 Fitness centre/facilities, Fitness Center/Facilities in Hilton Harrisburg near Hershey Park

---

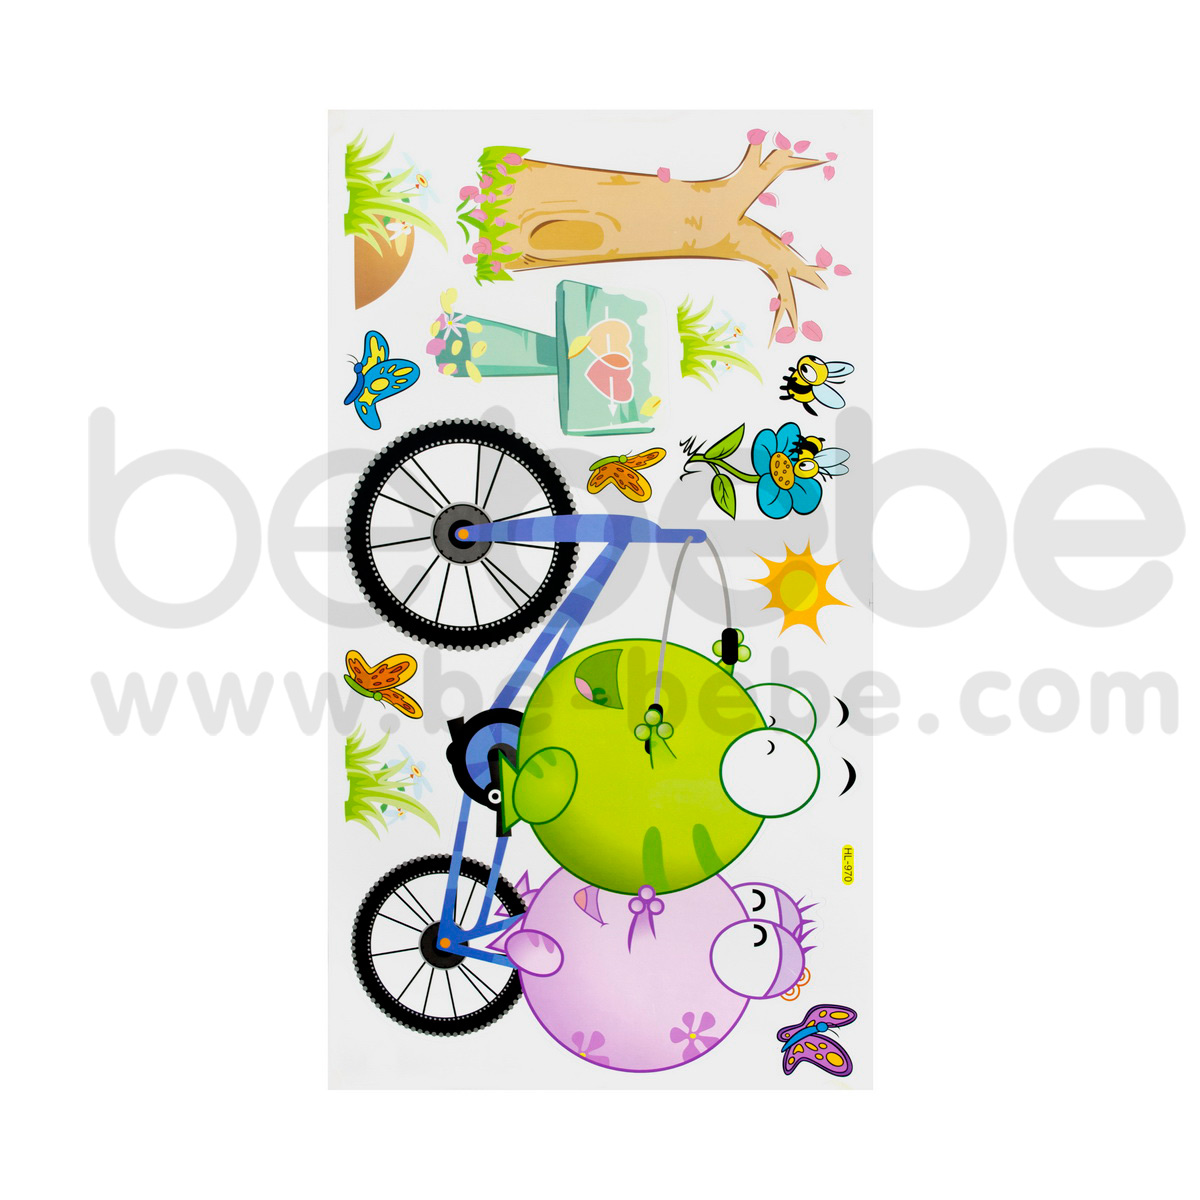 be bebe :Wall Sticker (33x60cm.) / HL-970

---

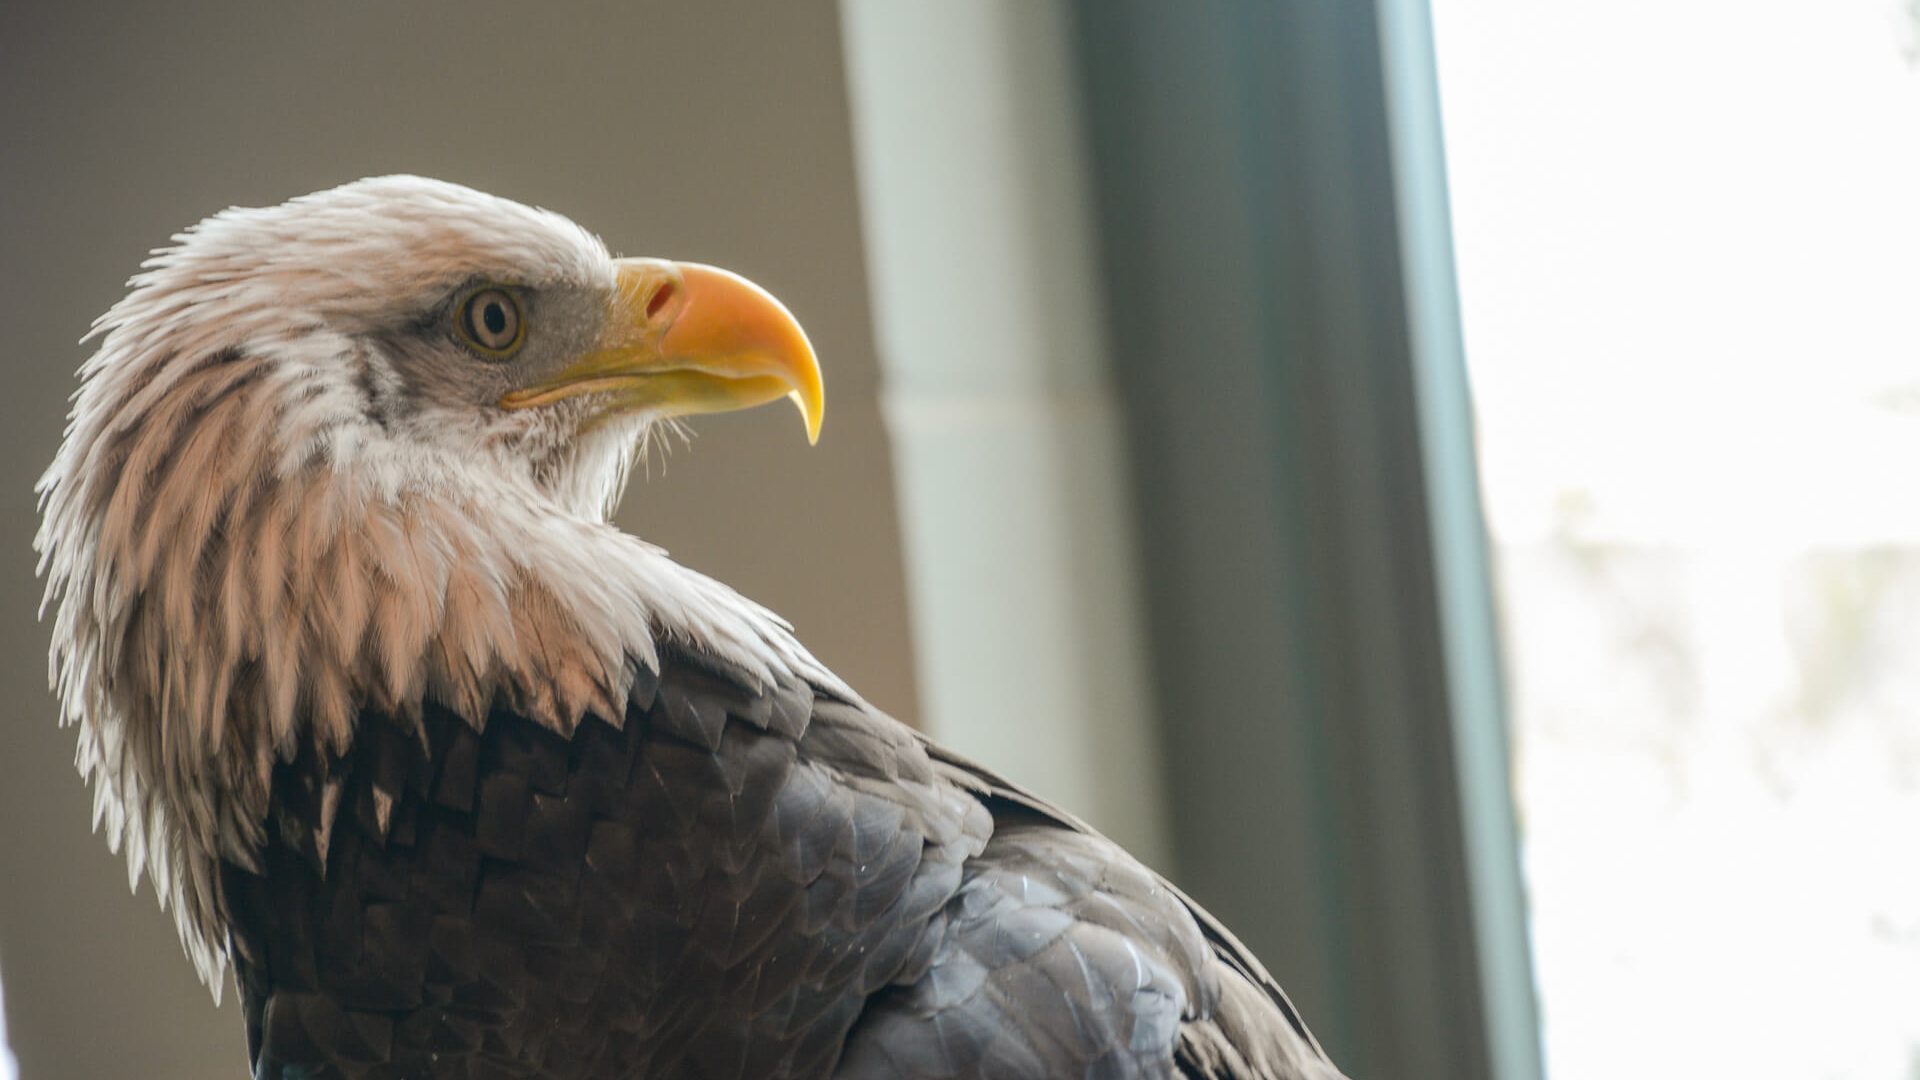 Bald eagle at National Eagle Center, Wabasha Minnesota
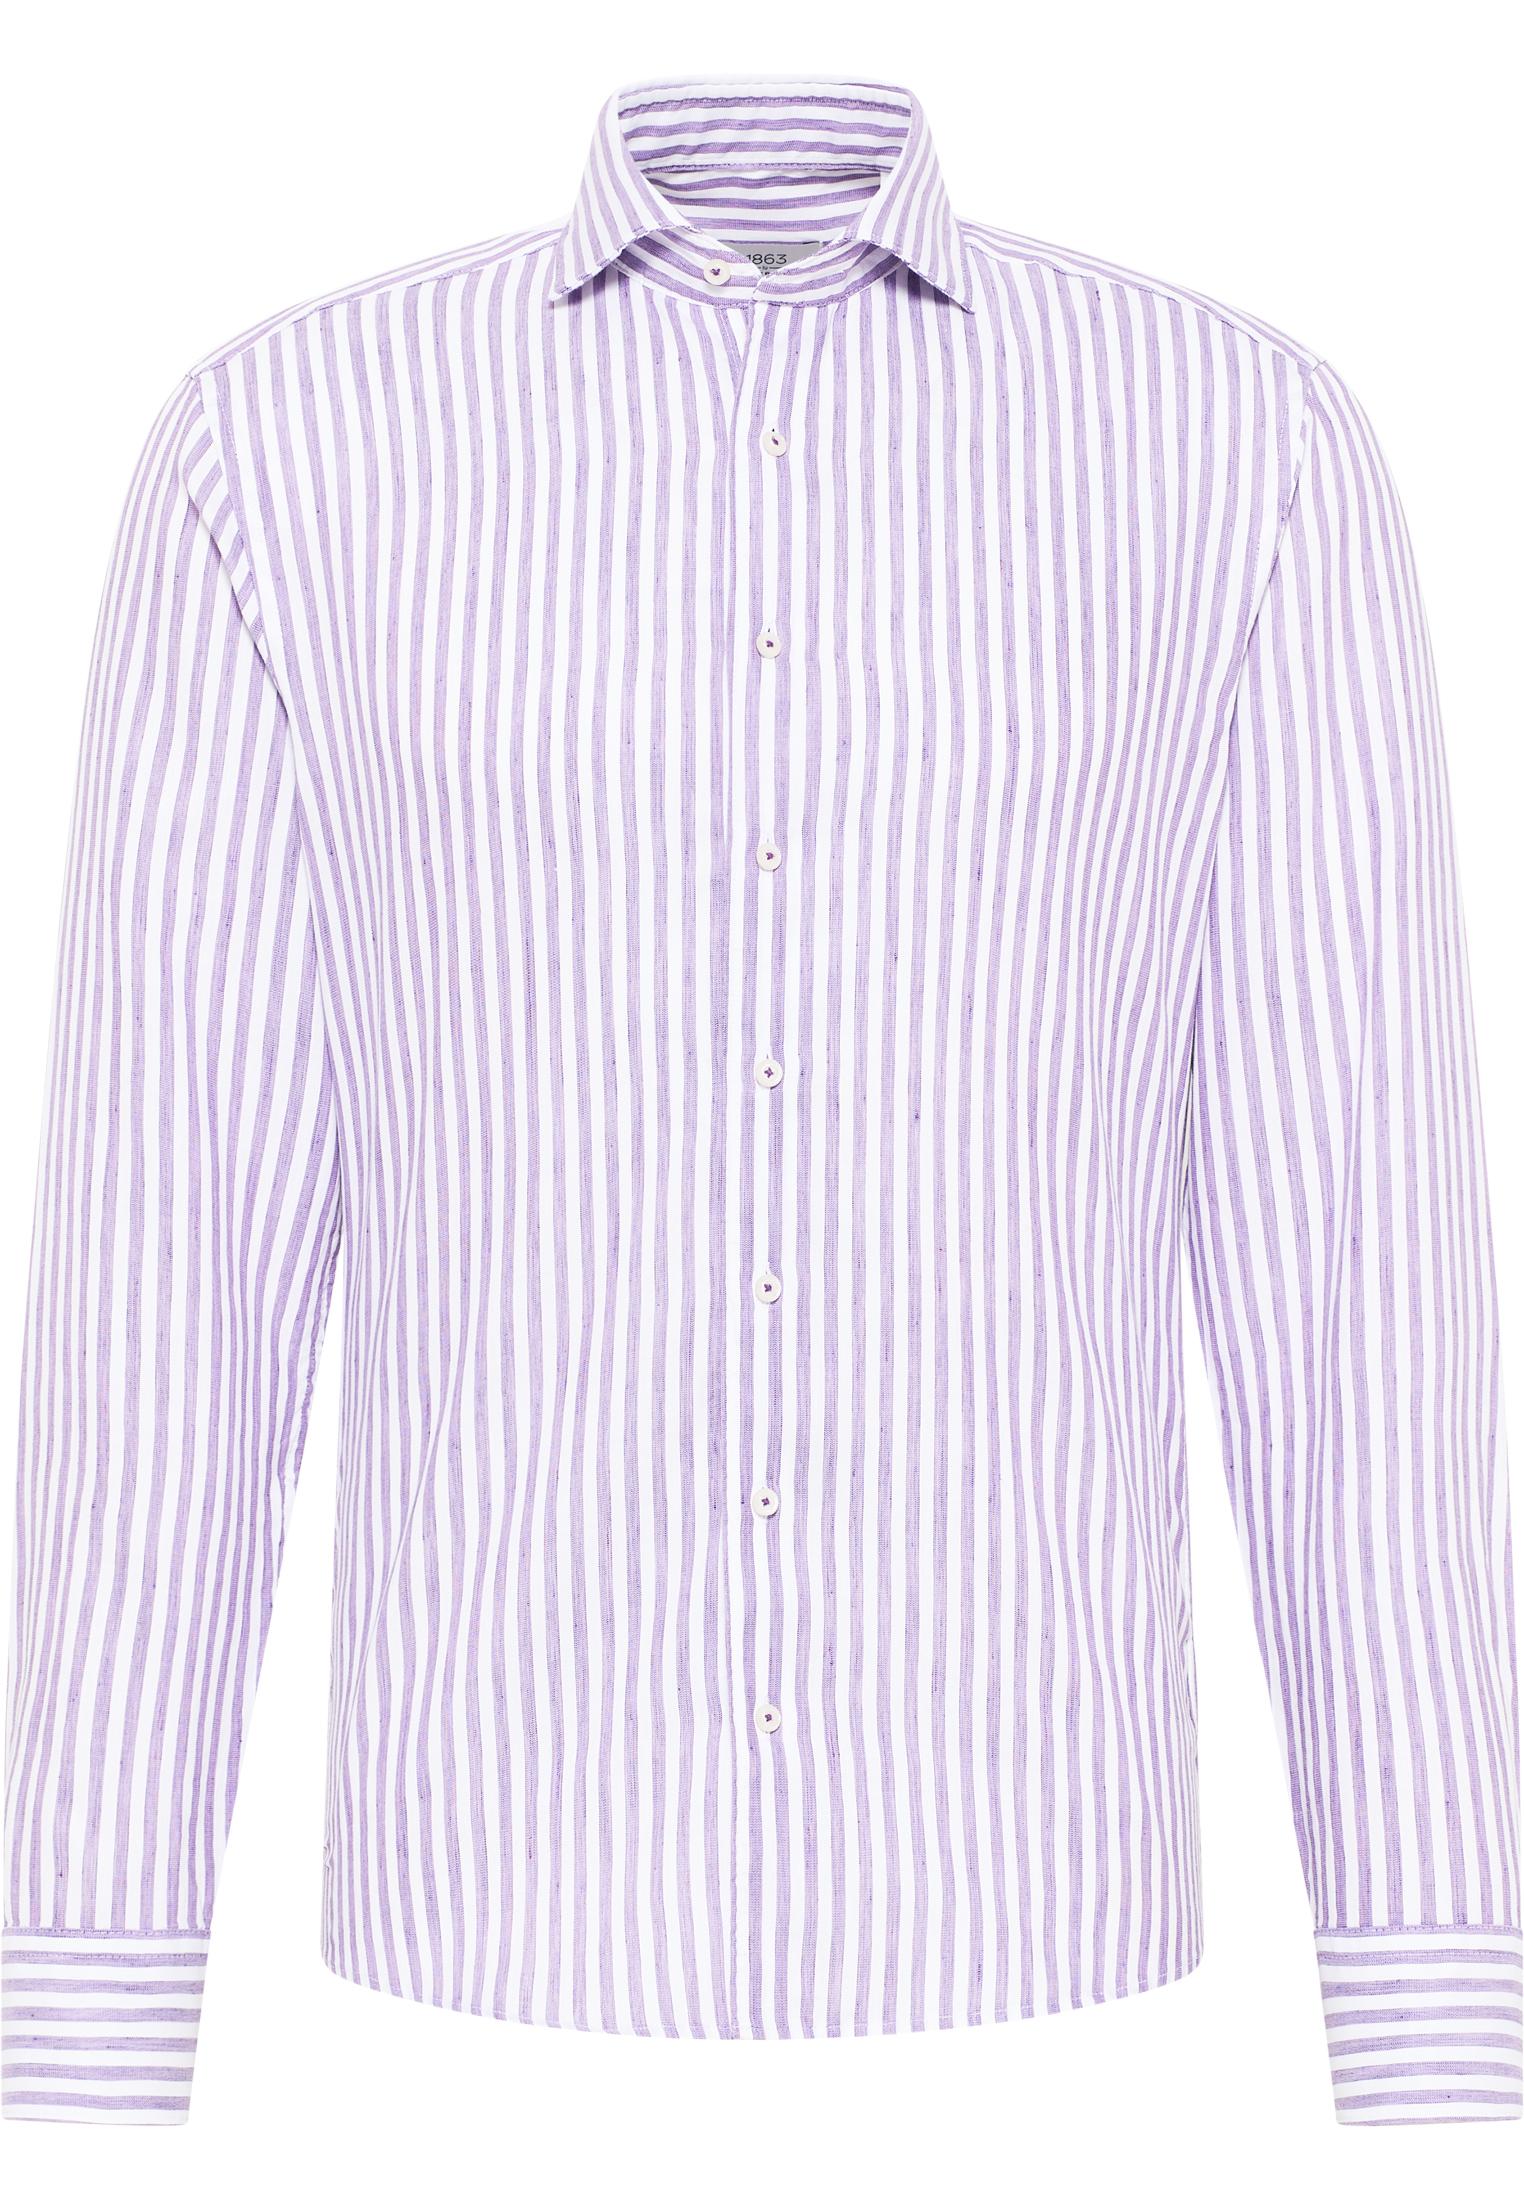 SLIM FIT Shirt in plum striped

▸ **HOW TO COMPLETE THIS TASK**
The answer is the lines above from the one with "Bald eagle at" to the one with "SLIM FIT Shirt in plum striped", set down exactly, with no pictures.

▸ **EXERCISE SOLUTION**
 Bald eagle at National Eagle Center, Wabasha Minnesota
 SLIM FIT Shirt in plum striped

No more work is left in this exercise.